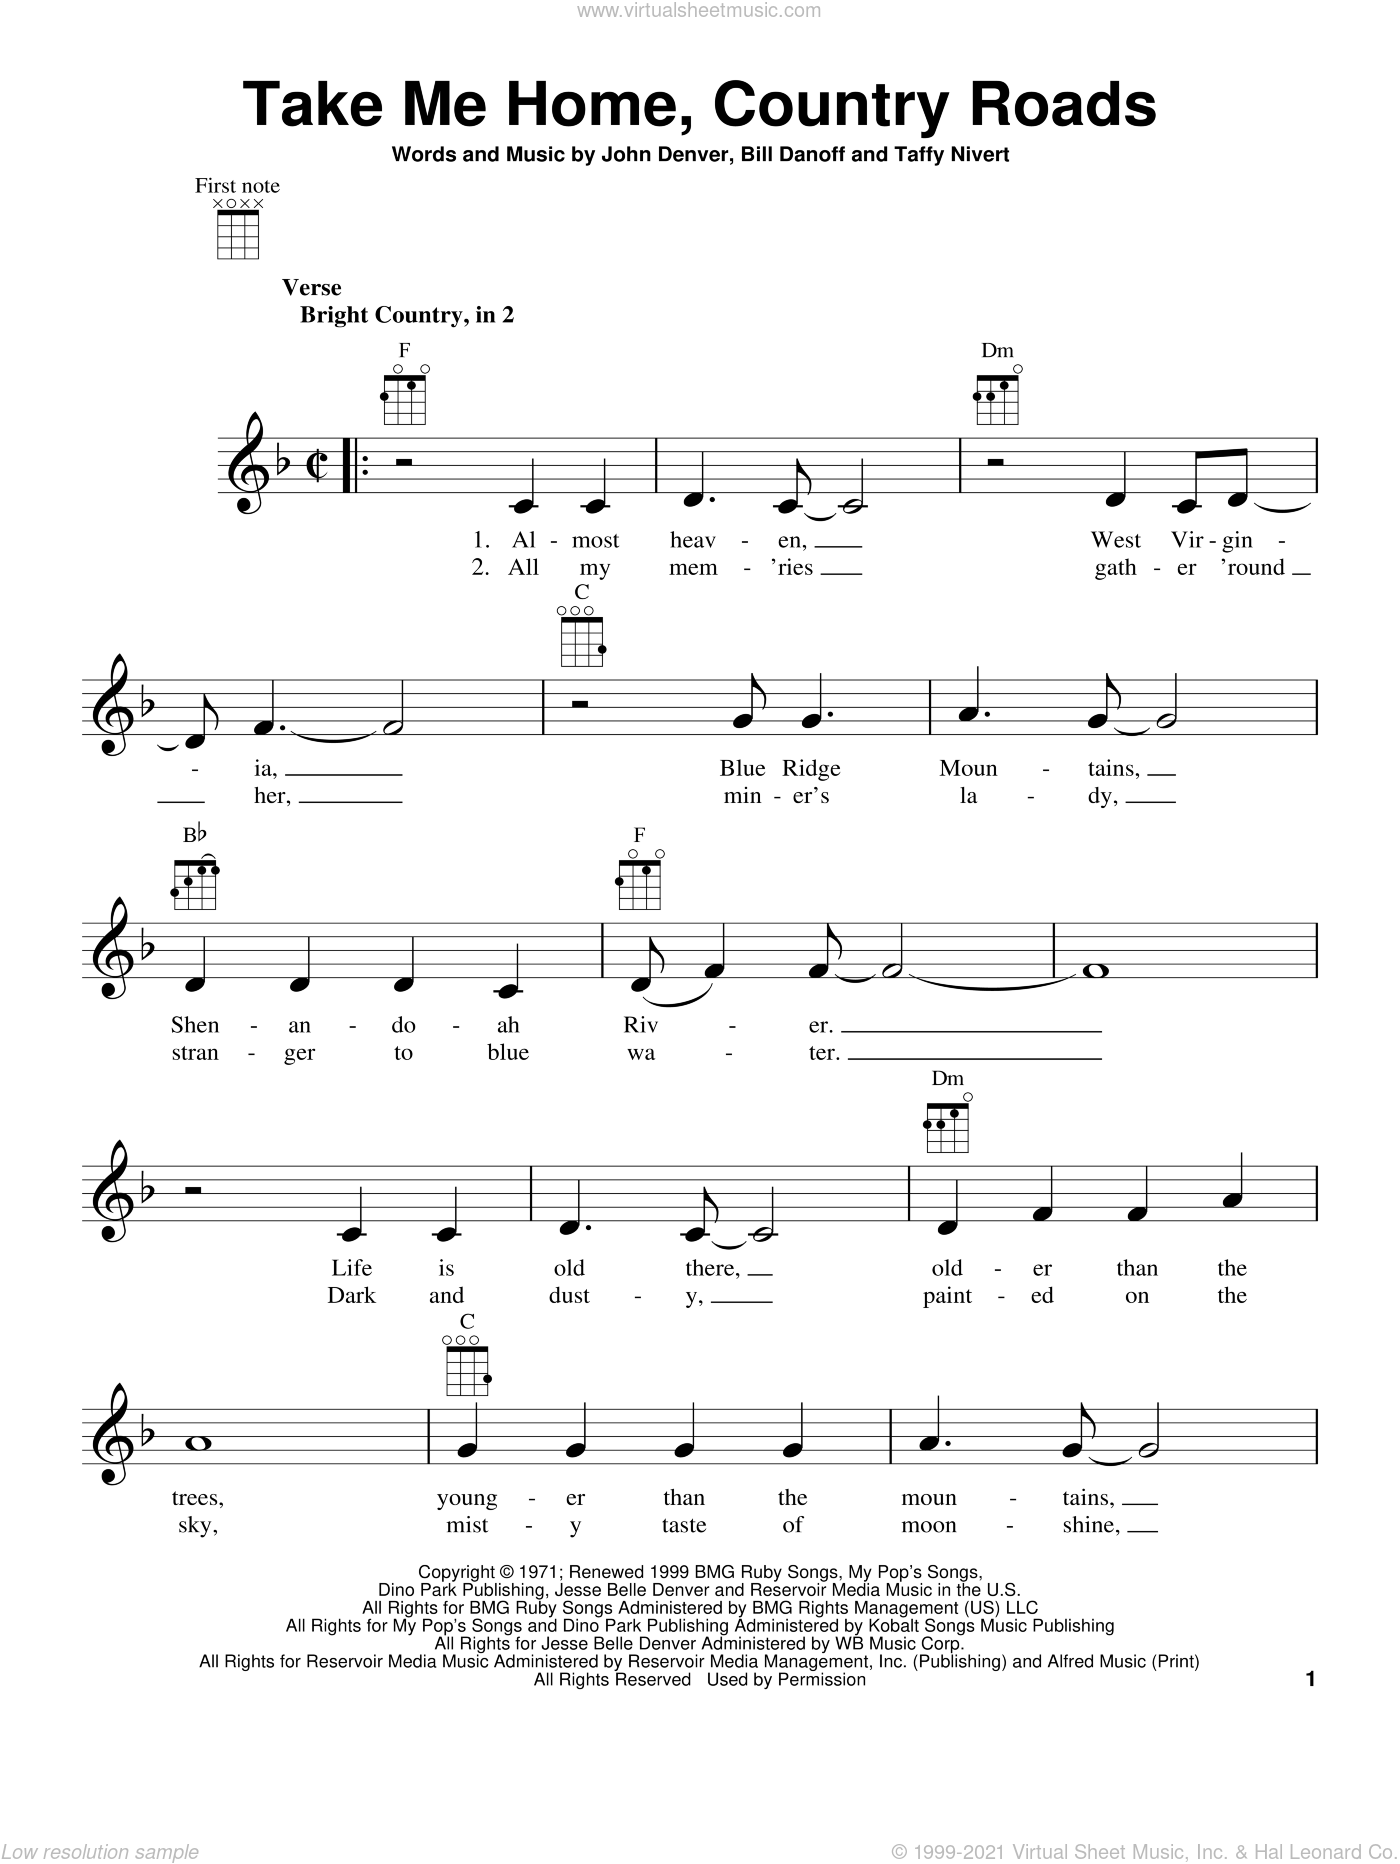 Take Me Home, Country Roads sheet music for ukulele by John Denver, Bill Danoff and Taffy Nivert, intermediate skill level
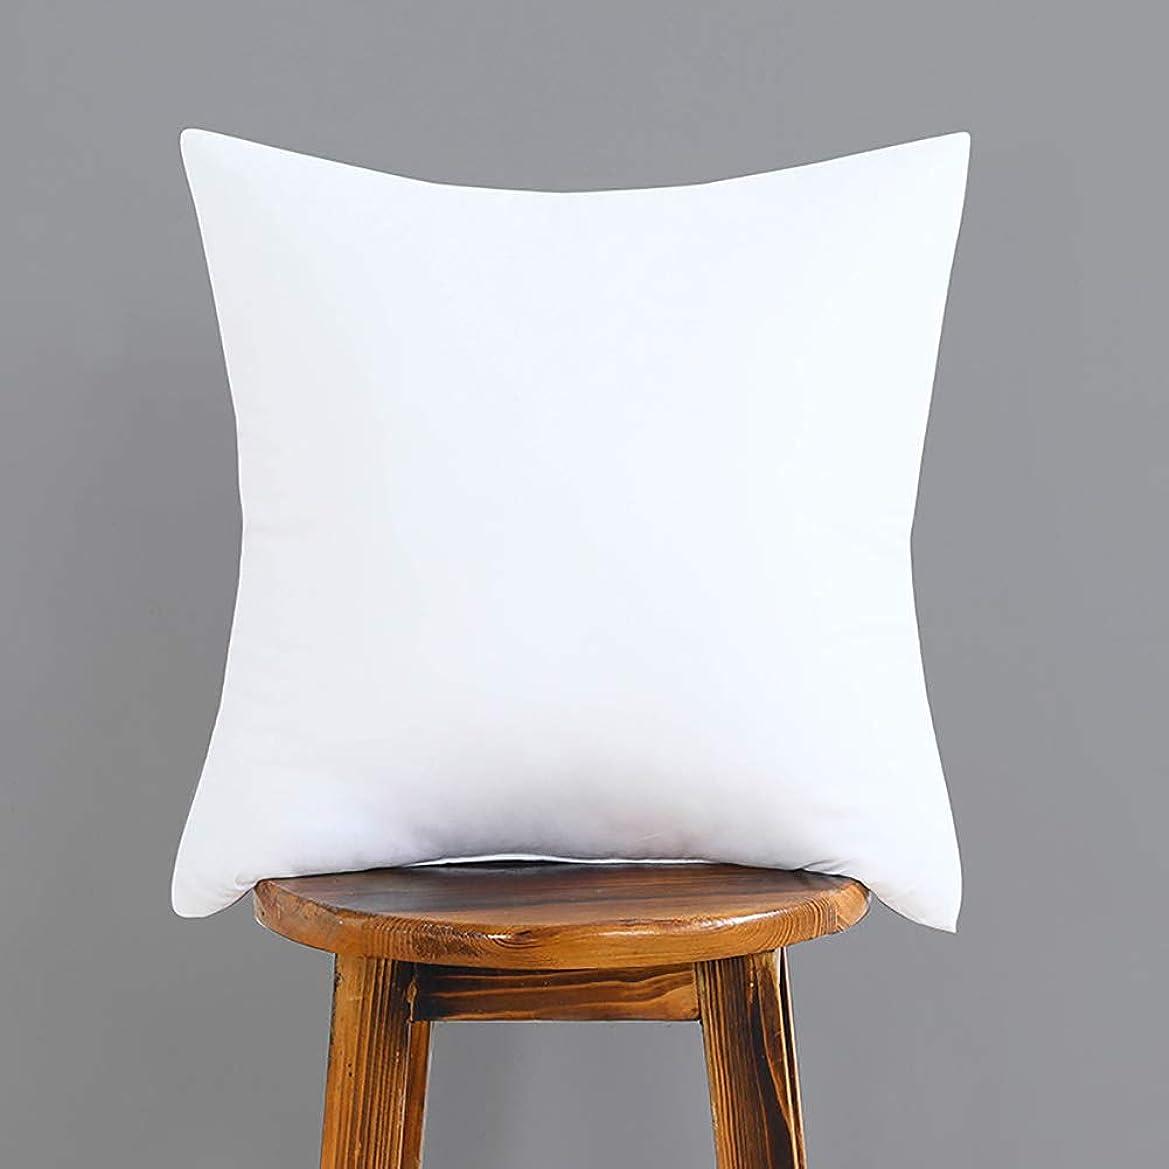 ナンセンス貫通する癒すWvvTee ヌードクッション クッション中材 立体7D綿 ソファ ベッド 背当てタイプ ホワイト 洗える 35x35CM 300G
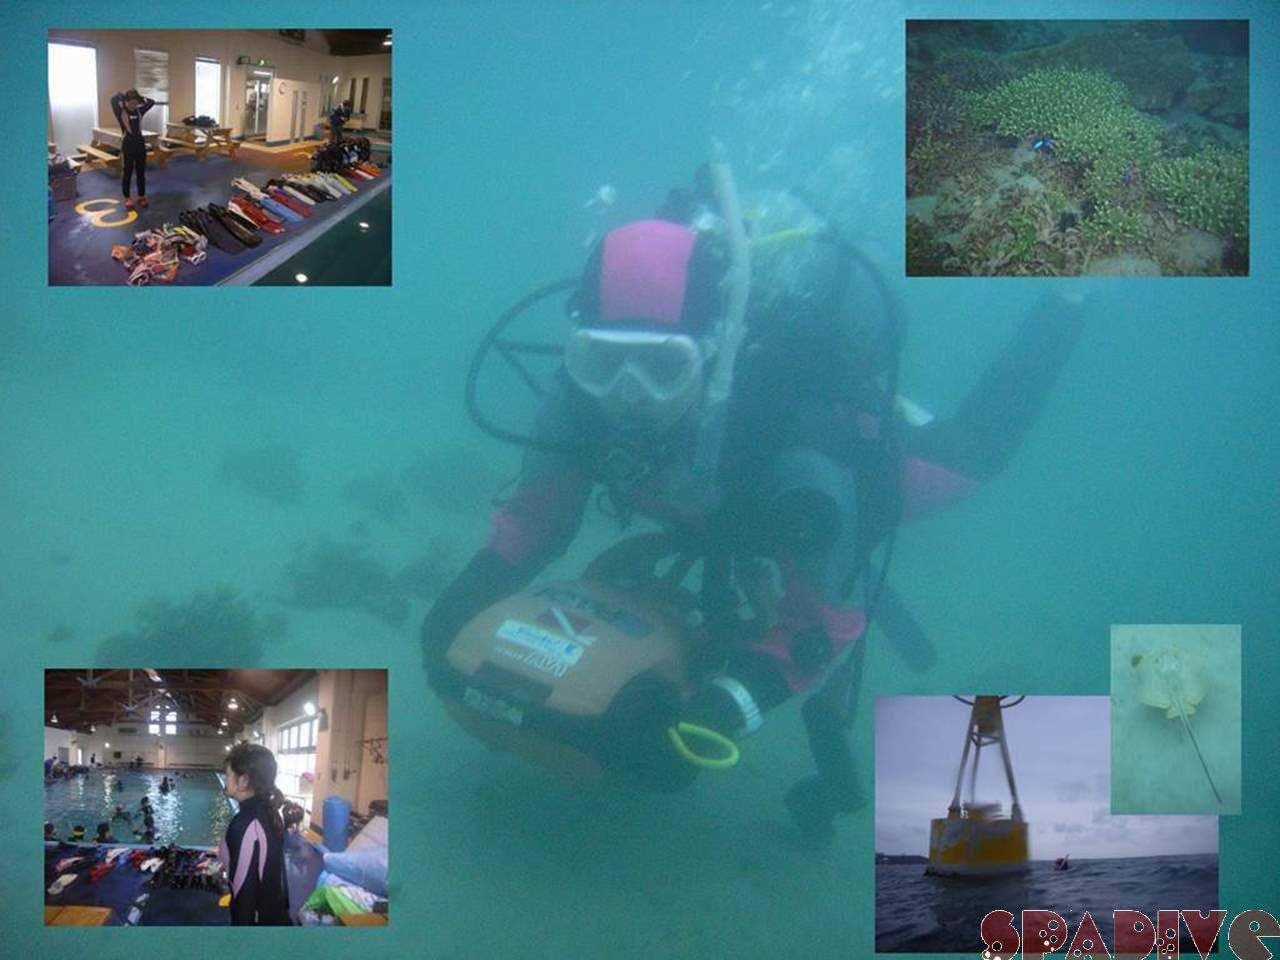 白崎海洋公園で器材モニター会|白浜で水中スクーター|3/24/2007

- **Assignment**
Your copy must start at the line that holds "ナンセンス貫通する癒すWvvTee ヌードクッション クッション中材" and end at the last line of the data, both included; it must contain no pictures.

- **Output of the exercise**
 ナンセンス貫通する癒すWvvTee ヌードクッション クッション中材 立体7D綿 ソファ ベッド 背当てタイプ ホワイト 洗える 35x35CM 300G
 白崎海洋公園で器材モニター会|白浜で水中スクーター|3/24/2007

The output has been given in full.